The upcoming week contains the Thanksgiving holiday, so volumes should be relatively light. Market are closed on Thursday, and Friday is an early close in the bond market. The big day for data will be Wednesday, when we get GDP, personal incomes and spending, and new home sales.
The Wall Street Journal is reporting that Jerome Powell will be re-nominated to run the Fed. Lael Brainard will be the Vice Chairman. The difference between the two is probably not of any issue to the markets – the big issue is inflation and whether the Fed has the stomach to raise rates. The left wanted Brainard who would supposedly be tougher on the banks and climate change. I wonder what the correlation is between the overnight reverse repo rate and the temperature of Gaia.
Existing home sales rose 0.8% in October, according to NAR. The median home price rose 13.1% to $353,900. Inventory remains tight, with only 2.4 months’ worth at the current sales pace. “Home sales remain resilient, despite low inventory and increasing affordability challenges,” said Lawrence Yun, NAR’s chief economist. “Inflationary pressures, such as fast-rising rents and increasing consumer prices, may have some prospective buyers seeking the protection of a fixed, consistent mortgage payment.”
Investors comprised 17% of all sales, and the first time homebuyer accounted for 29% of all transactions.
The Chicago Fed National Activity Index improved in October, after declining in September. This means the economy grew above trend during the month.

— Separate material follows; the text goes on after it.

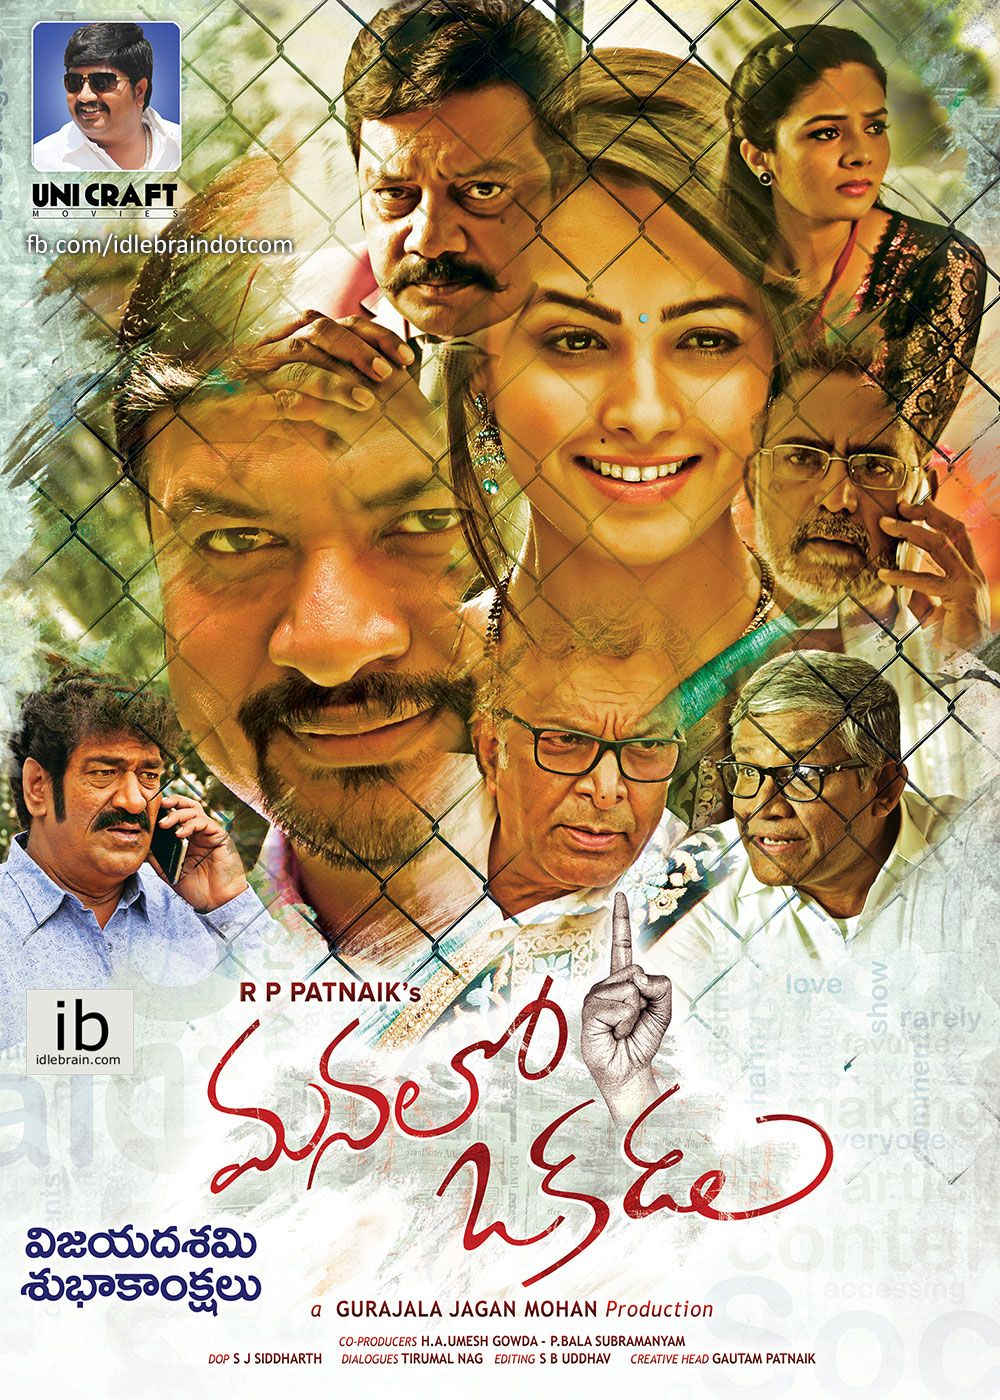 Manalo Okadu Dasara Poster Http Www Idlebrain Com News Today Poster Manalookadu Html Full Movies Bollywood Movies Online Watches Online

Fannie Mae is predicting that mortgage rates will rise to 3.5% by the end of 2023, which is not too far from where they are now.
“The Fed has taken pains to broadcast its tapering and rate hiking plans to avoid a repeat of the 2013 temper tantrum, when market expectations suddenly shifted regarding the long-run real rate, and for now both financial market and survey measures of long-term inflationary expectations remain mostly anchored,” Fannie Mae forecasters said. “Therefore, our baseline forecast is that these effects are largely ‘baked in,’ leading to only a modest drift upward in mortgage rates over the next few years.”
Note that the MBA sees rates heading much higher in the second half of 2022. Fannie Mae is forecasting that the Consumer Price Index could hit 7% or 8% in the back half of 2022 as all of the home price appreciation from the past 18 months begins to filter through to the CPI.